Asta Olivia Nordenhof's Latest Analysis: A Danish Literary Sequence Aflame with Purpose

In the late night of the 7th of April 1990, a devastating fire broke out aboard the ferry Scandinavian Star, a car and passenger ferry operating between Frederikshavn and Oslo. Insufficient staff training combined with jammed safety doors aided the spread of the fire, while deadly cyanide gas emitted from burning materials caused the loss of 159 individuals. Initially, the disaster was blamed to a passenger—a truck driver with a record of fire-setting. Since this individual too died in the fire and was unable to defend the accusations, the full facts about the disaster stayed hidden for a long time. Only in 2020 that a comprehensive investigation disclosed the fire was probably set deliberately as part of an fraud scheme.

Nordenhof's Literary Series: A Glimpse

In the initial book of Asta Olivia Nordenhof's Scandinavian Star sequence, Money to Burn, an unidentified narrator is riding on a bus through the Danish capital when she notices an older man on the street. As the vehicle moves away, she feels an “uncanny feeling” that she is taking a piece of him with her. Driven to retrace the route in search of him, the narrator enters a landscape that is both unfamiliar and strangely known. She introduces readers to Maggie and Kurt, whose relationship is strained by the burdens of their troubled pasts. In the final pages of that volume, it is suggested that the root of the character's discontent may stem from a disastrous investment made on his behalf by a man referred to as T.

This New Volume: A Unique Narrative Style

This second installment opens with an lengthy poetic passage in which the writer explains her challenge to compose T's narrative. “In this second volume,” she writes, “we were meant / to follow him / from childhood up until / the night / when he sat waiting for / the report that / the blaze / on the ferry / had effectively been / ignited.” Overwhelmed by the undertaking she has set herself and derailed by the pandemic, she approaches the tale obliquely, as a type of allegory. “It occurred to me / that I / can do / whatever I want / so this / is my work / this is / for you / this is / an erotic thriller / about entrepreneurs and / the devil.”

A tale slowly emerges of a woman who spends lockdown in the UK capital with a virtual stranger and during those weeks tells to him what happened to her a ten years earlier, when she agreed to an offer from a figure who professed to be the evil entity to grant all her desires, so long as she didn't question his motives. As the threads of the two stories become more interwoven, we start to believe that they are identical—or at minimum that the nature of T is legion, for there are demonic forces all around.
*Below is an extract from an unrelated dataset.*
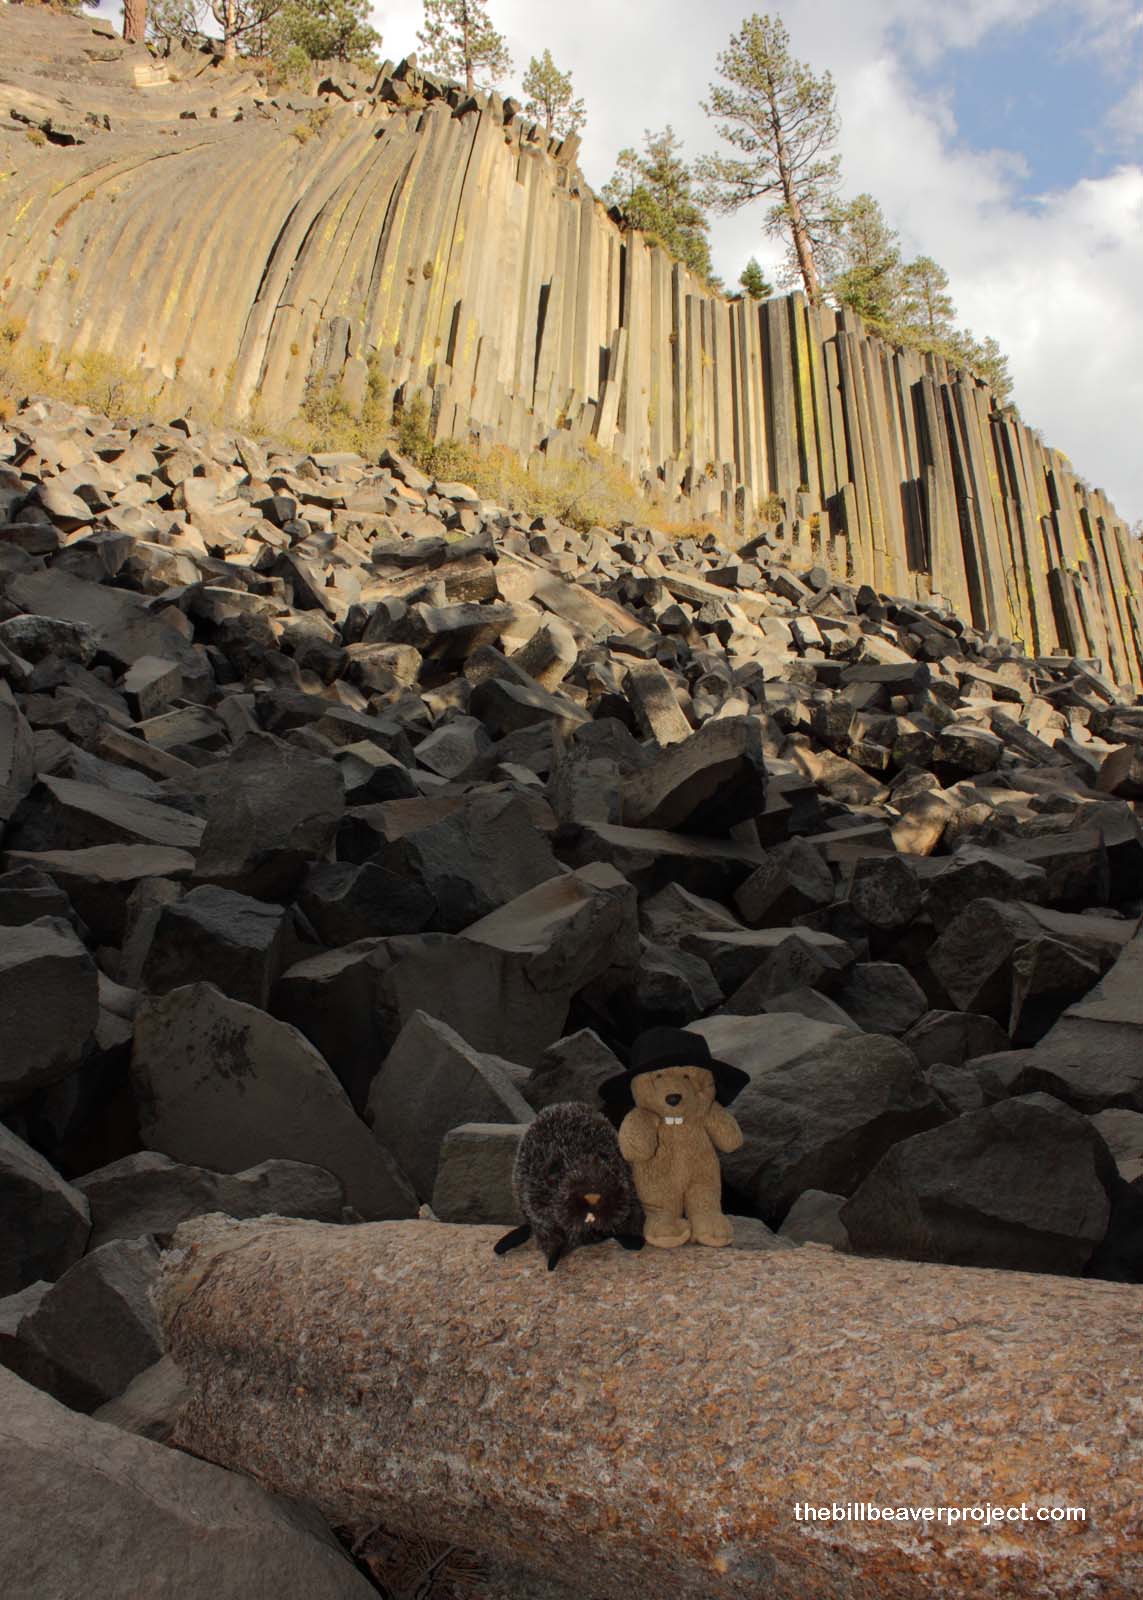 Evening light upon the postpile!

There is another fire here: a passionate, compelling dedication to writing as a political act

Deals with the Devil: A Literary Exploration

Classic stories teach us that it is the dark figure who makes bargains, not a divine being, and that we enter into them at our peril. But what if the narrator herself is the malevolent force? A third storyline eventually emerges—the account of a girl whose early years was scarred by abuse and who spent time in a mental health facility, under duress to conform with societal norms or endure more of the same. “[The devil] knows that in the game you've set for it, there are two results: surrender or remain a monster.” A third way out is finally unveiled through a series of verses to the night that are simultaneously a rallying cry against the forces of capital.
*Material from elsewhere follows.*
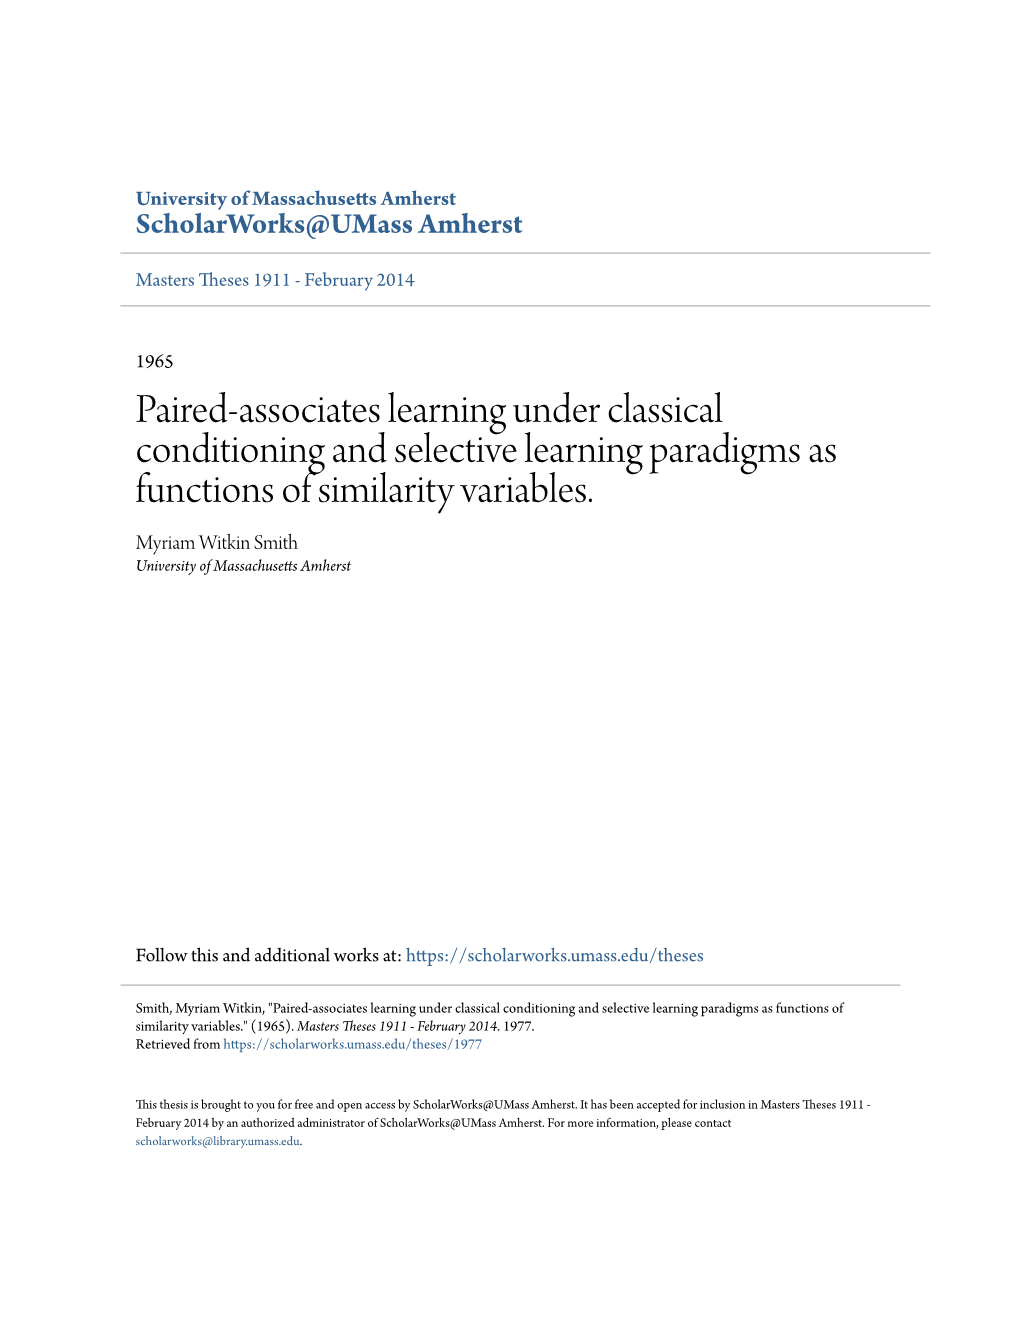 Paired-Associates Learning Under Classical Conditioning and Selective Learning Paradigms As Functions of Similarity Variables

Parallels and Interpretations: From Literature to Real Events

Many British audience members of the author's Scandinavian Star books will reflect immediately of the Grenfell Tower fire, which, though unintentional in origin, bears parallels in that the ensuing tragedy and loss of life can be attributed at least partly to the dangerous trade-off of prioritizing financial gain over people. In these first two volumes of what is projected to be a multi-volume sequence, the fire on board the ferry and the series of fraudulent transactions that ended in mass murder are a ominous underlying element, revealing themselves only in fleeting glimpses of detail or implication yet casting a growing shadow over everything that occurs. Some readers may question how far it is possible to read The Devil Book as a stand-alone piece, when its aim and meaning are so intricately tied into a broader narrative whose final form, at present, is uncertain.

Experimental Writing: Ethics and Aesthetics Intertwined

Some individuals—and I include myself as one of them—who will become enamored with the author's project purely as written art, as truly experimental writing whose moral and artistic purpose are so profoundly interlinked as to make them inextricable. “Compose verses / for we need / that as well.” Another kind of blaze exists: a passionate, magnetic commitment to writing as a statement. I will continue to follow this series, no matter where it leads.

Michael Johnston
Michael Johnston

A seasoned financial analyst with over a decade of experience in investment banking and personal finance education.